J’écris les énoncés de calcul et fais glisser le cahier devant lui.

Muet, Luc. Il est en plein découpage. Son absence totale m’évoque une contrariété de niveau moyenne-basse.

Il griffonne les réponses à l’exercice. Je l’observe en coin. Il ne griffonne QUE les réponses.

« Luc, c’est très bien ce que tu fais. Tes résultats sont justes. Mais tu sais que c’est bien, en 4ème, d’écrire les détails des calculs. Ça fait partie des choses à apprendre en plus de la réalisation du calcul. Tu les rajoutes ? »

« Non ». Luc reprend son « bricolage ».

Je prends la correction (les fameuses « étapes de calcul » exigées par les professeurs de maths pour avoir tous les points aux évaluations) puis nouvel exercice. J’écris l’énoncé. Il écrit ses réponses.

Muet.

Sonnerie.

« Je note le travaille dans ton agenda ? »

« Non »

« Je te note au moins d’amener ta calculatrice pour les contrôles groupés, ça coûte rien. »

« Non, ça sert à rien ».

Le cours se termine. Muet, Luc. Bien déterminé à s’auto-saboter et à oublier une nouvelle fois sa calculatrice en contrôle.

Au moment de souhaiter une « bonne journée et à jeudi », Luc, muettement, est parti.

Je dis à Mme Tauban, une fois les élèves sortis : « Je me sens démunie. »

Elle : « Moi aussi. Quand on entend la mère dire qu’il est « une plaie », on se dit que si elle ne croit pas en lui, on ne voit pas trop comment il pourrait se couler dans le moule de l’élève qui va s’aider lui-même. Dommage. Il a pourtant les capacités ».

Sandy

Je remplace ma collègue auprès d’elle en évaluation d’SVT : très souriante, relativement causante par rapport à ce que j’ai connu d’elle l’an dernier. Accepte d’utiliser des aides de repérage (surligneur, couleurs) sur le sujet (alors même qu’il allait falloir le rendre et l’exposer au regard d’un tiers!).

A osé me dire d’abord qu’elle n’avait pas de copies doubles vierges, puis + tard pas de crayon à papier et pas de règle pour que je lui en prête : VICTOIRE ! Elle oublie son matériel et en plus, elle le dit d’elle-même ! (Oui, c’est bien ça ! Pour Sandy, accepter de se tromper et d’exposer son imperfection en le disant avant que l’adulte ne le remarque, c’est une incroyable victoire!).

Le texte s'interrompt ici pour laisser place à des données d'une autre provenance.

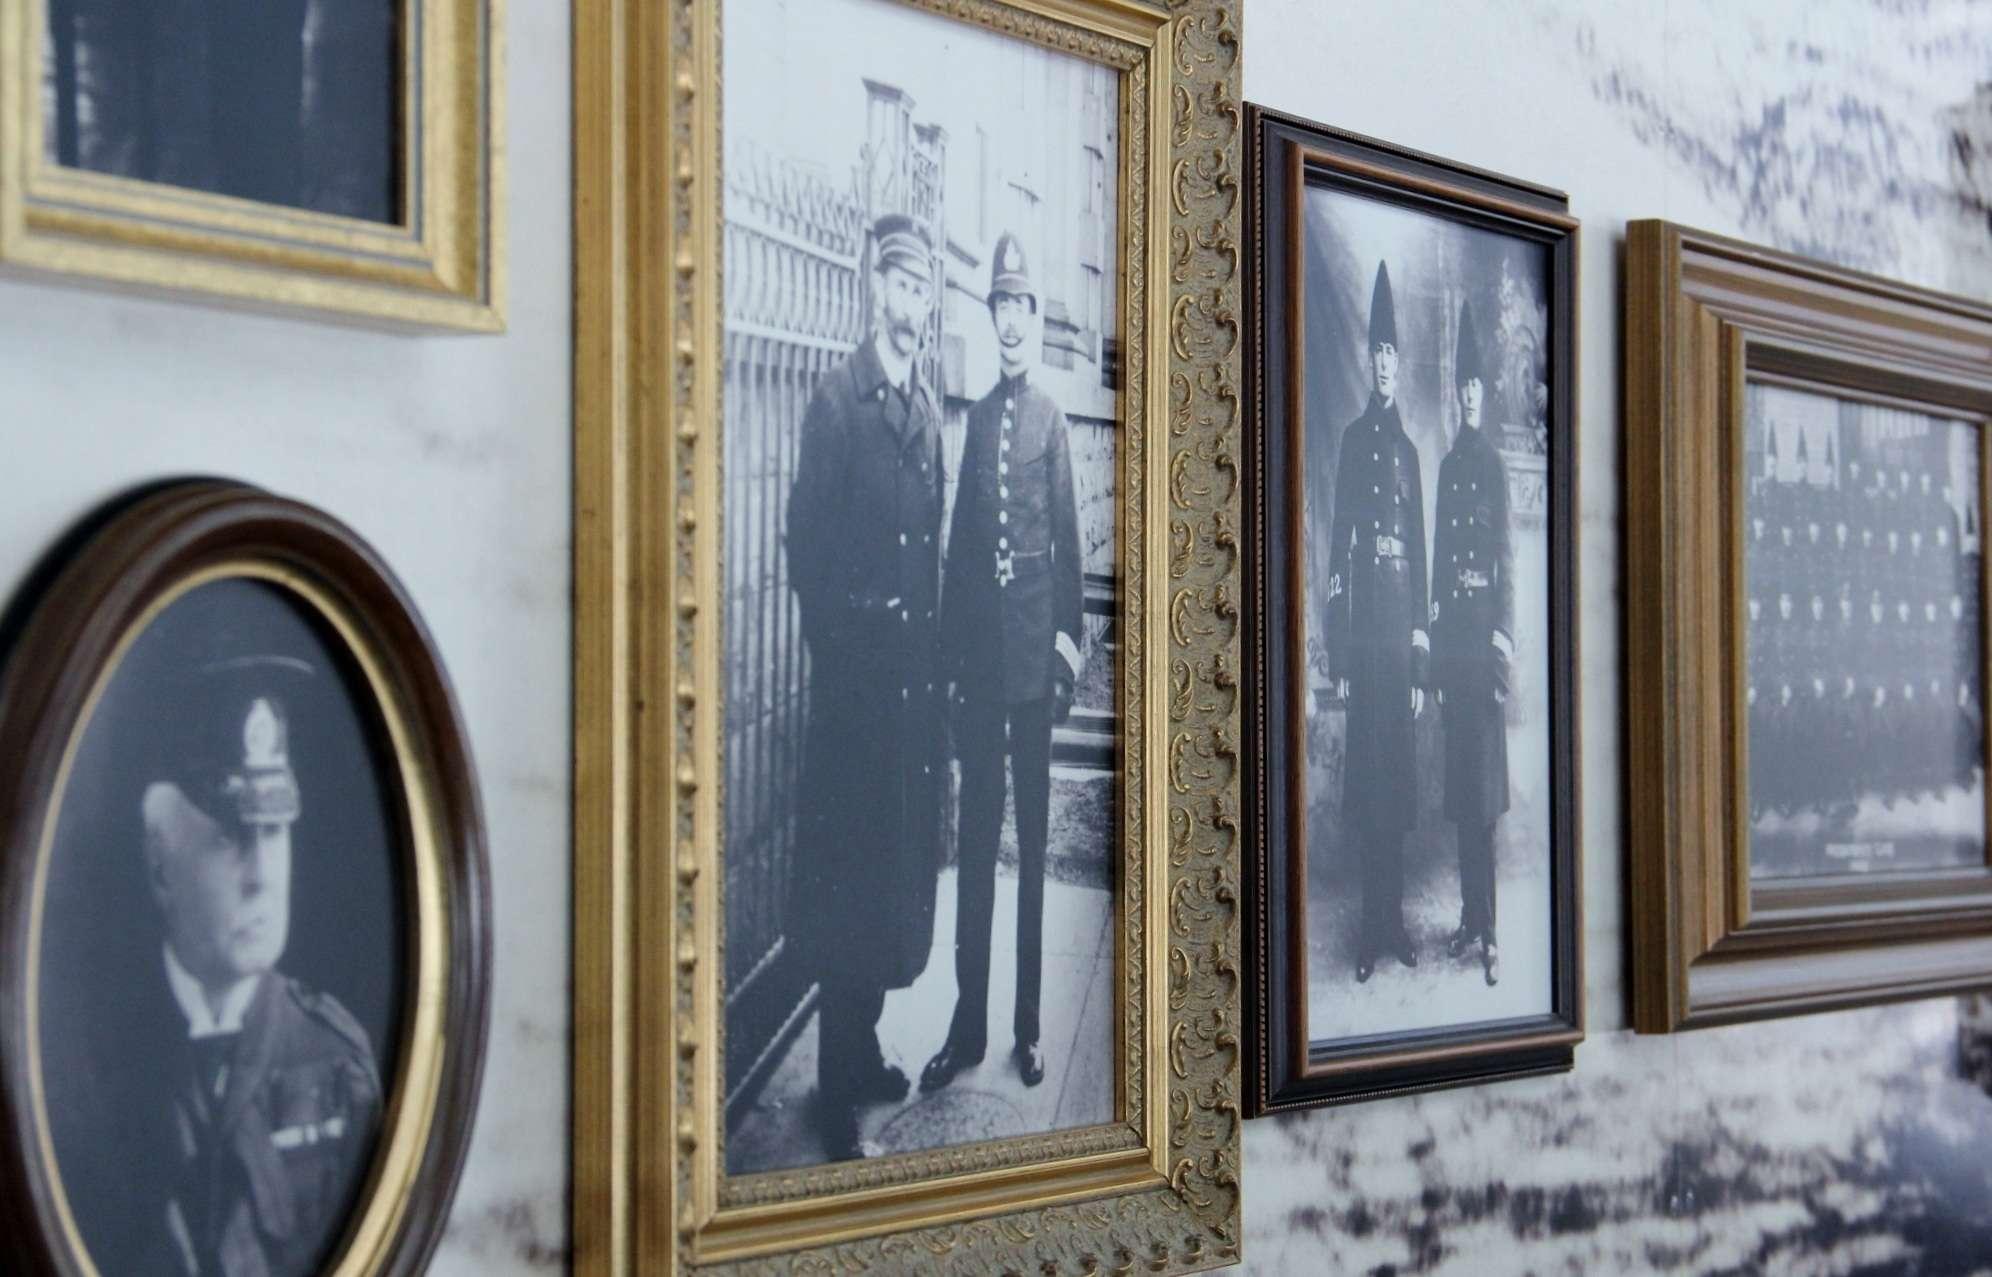 Mona Lisa Framing: Preserving Memories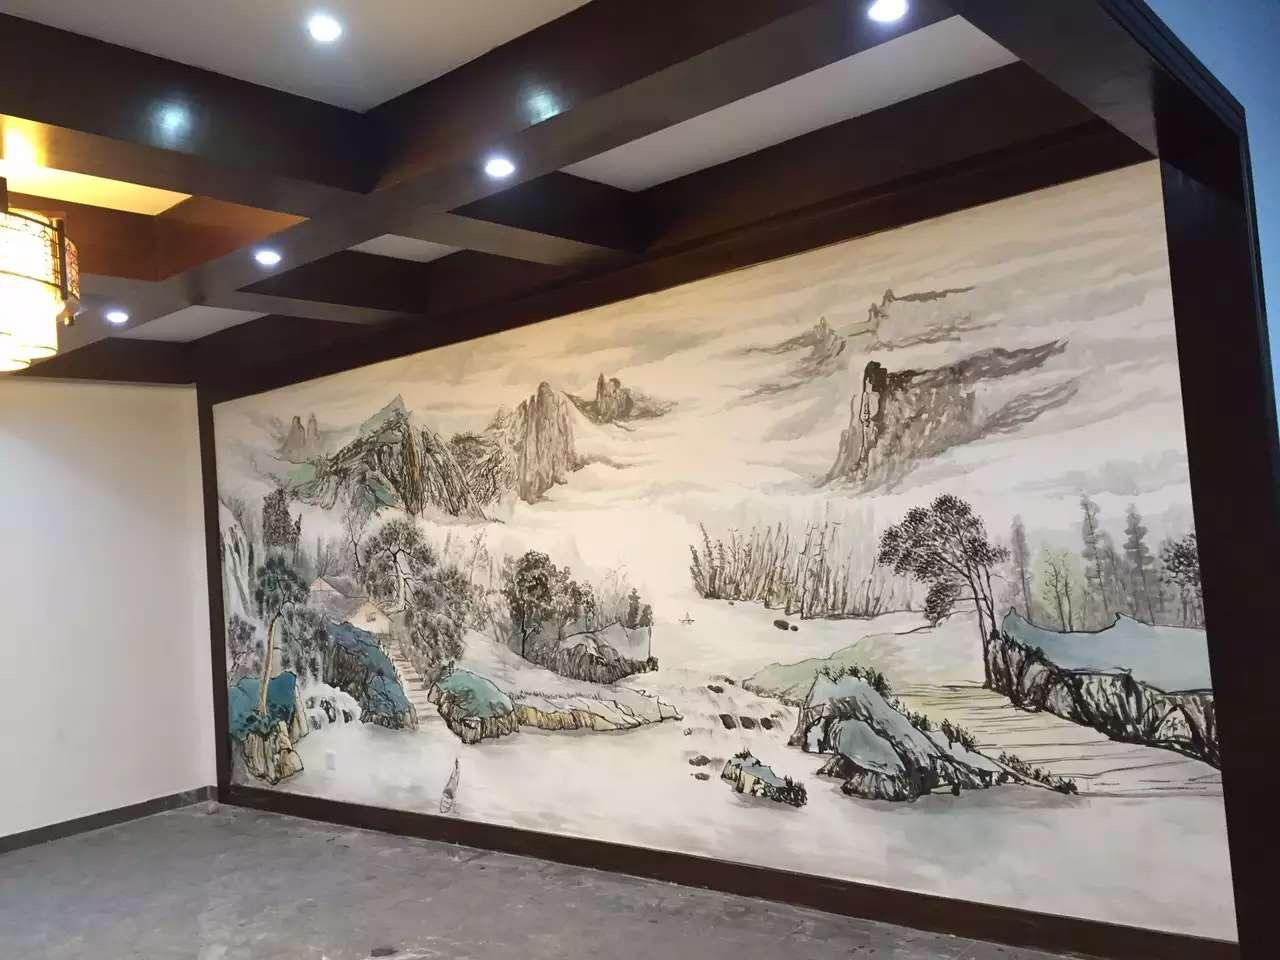 一些饭店常用手绘壁画作品欣赏!-金兰草手绘壁画公司

Devant un.e élève qui cache tous ses « défauts » et ne dit RIEN, reste même immobile dans la position de la Joconde comme si on lui avait demandé de ne pas bouger, comment je peux agir ? (c’était le comportement de Sandy en cours l’an dernier). Comment je peux l’amener, doucement, en trouvant ensemble un mode de relation qui permet la confiance, à expérimenter d’autres méthodes de travail, à lui donner de l’intérêt pour le contenu et SURTOUT à lui montrer que, SI, il.elle et capable de beaucoup ? Comment entrer en relation quand l’élève ne répond pas ?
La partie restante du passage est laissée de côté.